WASHINGTON (Reuters) – Roughly 4.1 million U.S. mortgage borrowers have had their payments paused or reduced as the novel coronavirus outbreak hits household finances, but the increase in the number of people needing such help is slowing, the latest weekly survey from the Mortgage Bankers Association showed on Monday.
The share of mortgages in forbearance rose to 8.16% from 7.91% in the May 4-10 period, the industry lobbying group said, the smallest increase since March 16. The number of new requests for relief also fell relative to the prior week for the fifth consecutive survey period, the MBA said.
Ginnie Mae loans once again had the highest percentage of loans in forbearance by investor type, at 11.26% of loans. The share of Fannie Mae and Freddie Mac loans in forbearance increased to 6.25% from 6.08%.
The U.S. economy has cratered since mid-March as many stay-at-home orders were enacted across the country to limit the spread of the virus.

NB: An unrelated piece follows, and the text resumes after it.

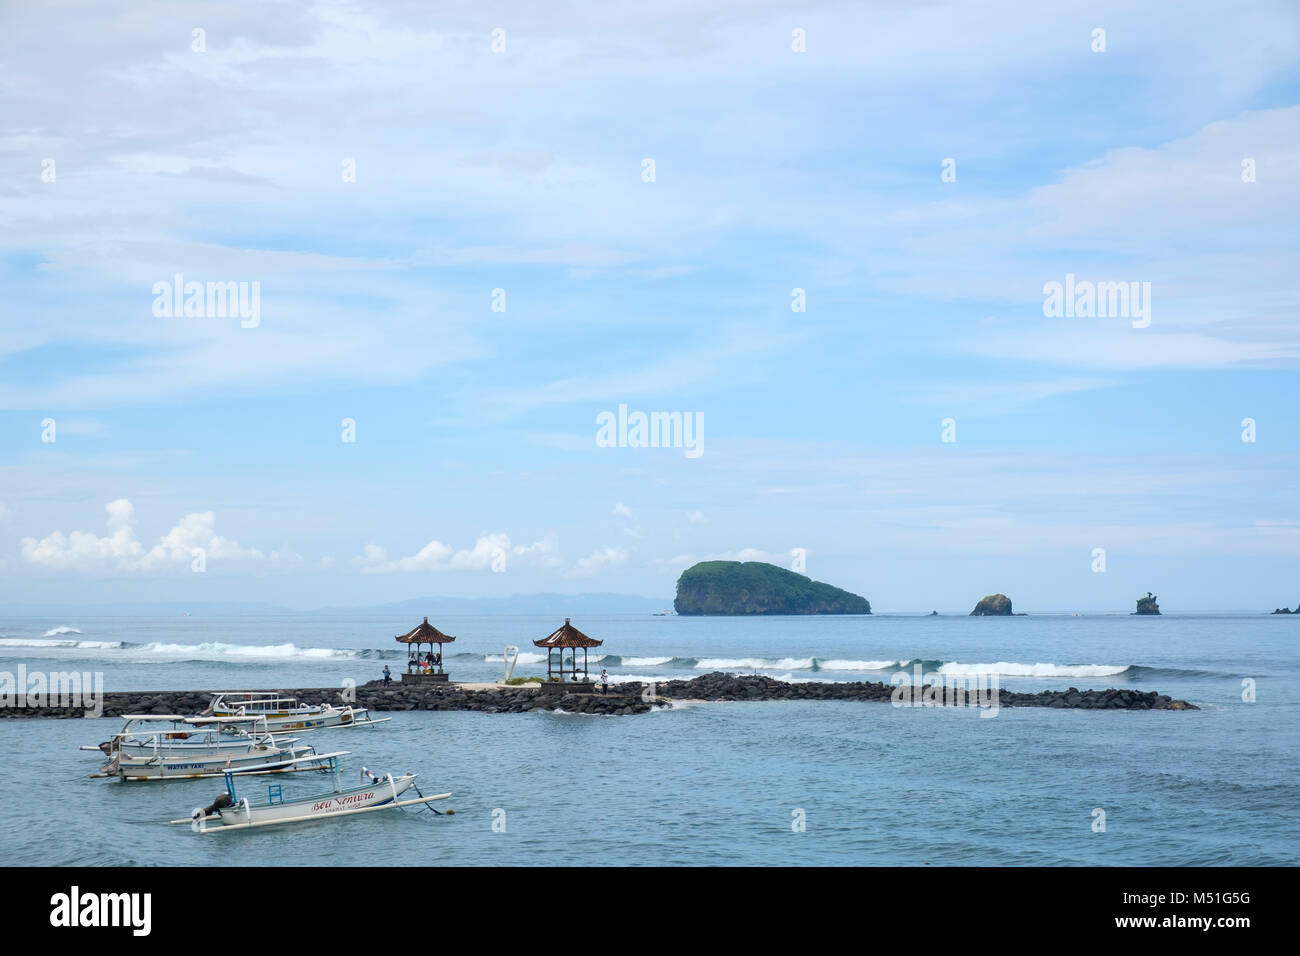 View from Candi Dasa (or Candidasa) beach, Bali, Indonesia. - Stock Image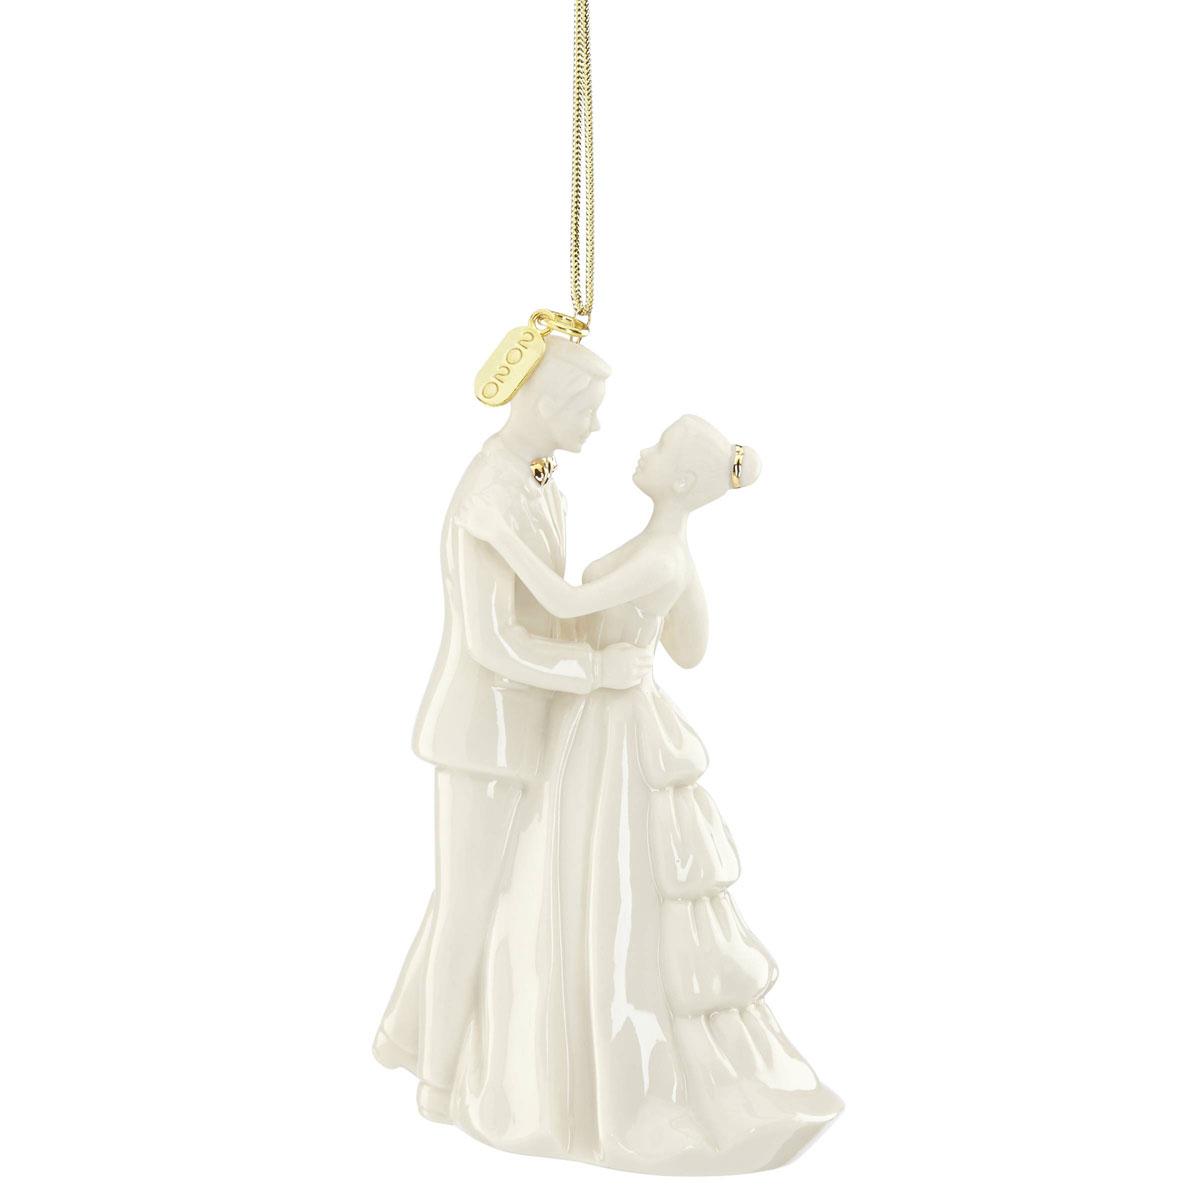 Lenox Bride and Groom 2020 Ornament

Job losses have continued to mount, with more than 30 million people newly thrown out of work, although a majority of states have now partially reopened commerce.
“We will continue to closely monitor the forbearance request and call volume data for any sign of an uptick, but current trends suggest that if the economy continues to gradually reopen, the situation could be stabilizing,” said Mike Fratantoni, MBA’s senior vice president and chief economist.
As part of the $3 trillion financial relief package passed by Congress, borrowers with loans backed by Fannie Mae, Freddie Mac and Ginnie Mae can get six months of forbearance if they have been impacted by the coronavirus outbreak, with a six-month extension possible. This covers 70% of the mortgage market.
Many banks and other lenders of non-agency mortgages are also allowing borrowers to enter into forbearance plans, usually for at least three months.
MBA’s survey included data on 38.3 million loans, almost 77% of the first-mortgage servicing market.